In Paul’s dealing with Gentiles, circumcision most likely referred to ritual conversion to Judaism, which the Talmud called the “Eighteen Measures” (not the Eighteen Truths). Ritual conversion required, amongst other things, circumcision and was concluded with immersion; following immersion the convert was “born again as a Jew.”

These are a few of the examples I came across (new truth!) that helped me put aside nagging vestiges of WCG doctrinal baggage.

(Note: rabbi, Judaism, etc, were words of convenience; in the first century these terms were anachronisms.)

When I first saw the first graphic on the PCG website,I felt it was just censoredbegging for this… And to borrow another line from the Simpsons, “If Flurry sues, we’ll claim Fair Use…”

herb ad

*Jesus answered, “I am the way and the truth and the life. No one comes to the Father except through me. -John 14:6

This includes Gerald Flurry and the other “wannabee apostles”
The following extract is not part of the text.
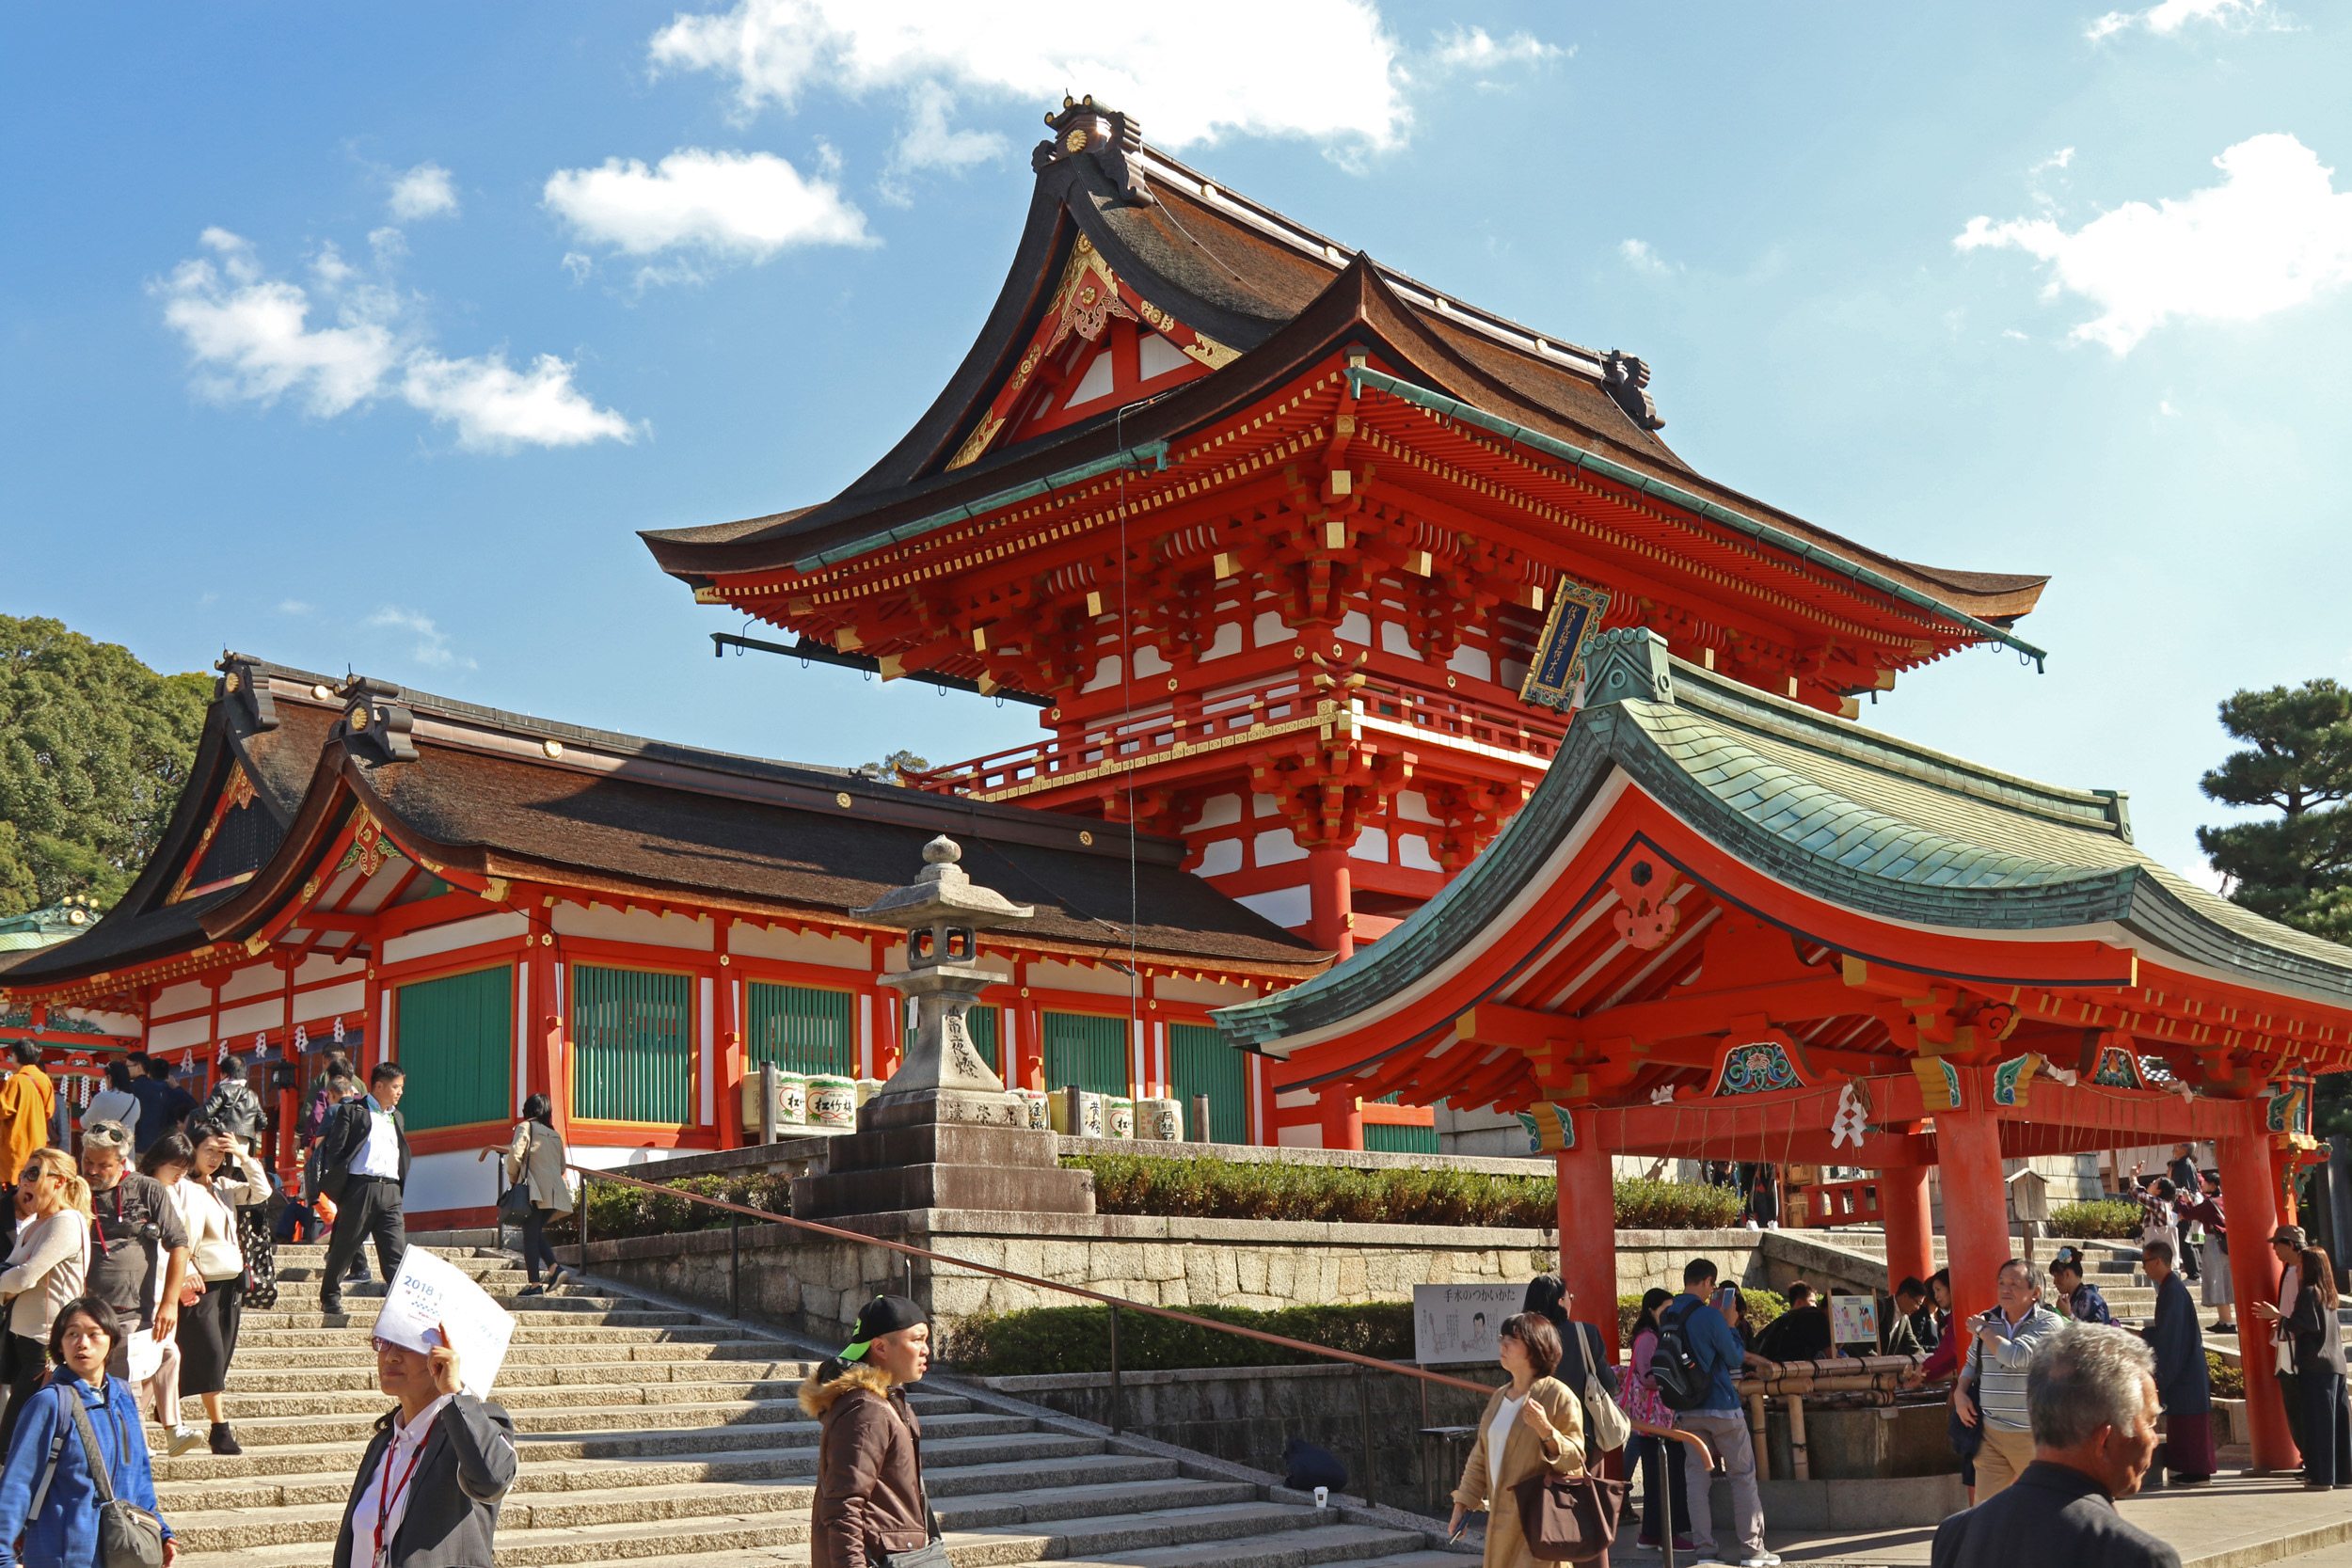 Entrance to Fushimi Inari Shrine

10 Replies to “A Word on the Talmud”

  1. HWA was wrong is not what his accolades would say. He is innocent of rape and a prophet. They honor him for molesting his daughter and making up bullshit stories for his sheep.

  2. You walk into these Armstrong church at your own risk, because you think it leads to the future; not a future that will be, but one that is promised to be. These churches have patterned themselves after every oppressive dictator who has ever planted the ripping imprint of a boot on the pages of history since the beginning of time. They have refinements, technological advancements, grand buildings, and a approach that makes way for the destruction of human freedom. But like every one of the Armstrong churches that preceded it, it has one iron rule: Logic is an enemy, and truth is a menace.

  3. “Hoss” brings out solid points on the Talmud. I was surprised to learn on studying Talmudic literature that baptism was merely a form of the “conversion ” process into Judaism. It does seem interesting, assuming there is truth to the John the Baptist story, that John was merely representing a repentance from one form of Pharisaical Judaism to a more “democratic” form as Jesus advocated in Matthew 23. I wrote before that Hillel was almost of the same generation as Jesus, so his “seven laws” would most likely have sparked a battle between the “elitists” of the Pharisees and the more democratic people who believed the law was given to all equally. This would mean that Jesus was not trying to save the world so much as he was trying to focus the peope back on the law as intended, which Matthew 5:17-19 would indicate. Jesus’ alleged conversation with Nicodemus, which actually involved Jewish ritual of baptism, would represent a new “conversion” from rabbinical control to a more democratic form of lawful application. Nicodemus saw no need for being “born again” as he was already born of the law at Sinai.

    “Hoss” brings up some interesting applications. If al this is true, then Jesus, and Paul, were actually saying the people are empowered to keep the law and honor it among themselves, which seems to be the basic concept of Jefferson when he wrote of Anglo-Saxon law, as well as trial by jury and parallels in constitutional law. Jesus was merely a reformer who believed in “power to the people”.

  4. “Hoss” also writes:

    “‘Binding and loosening’ was not authority given to Apostles to change laws; it gave authority to make judgements on how laws apply. Pharisees had their Halachah (“walk”) that determined how they kept each law…”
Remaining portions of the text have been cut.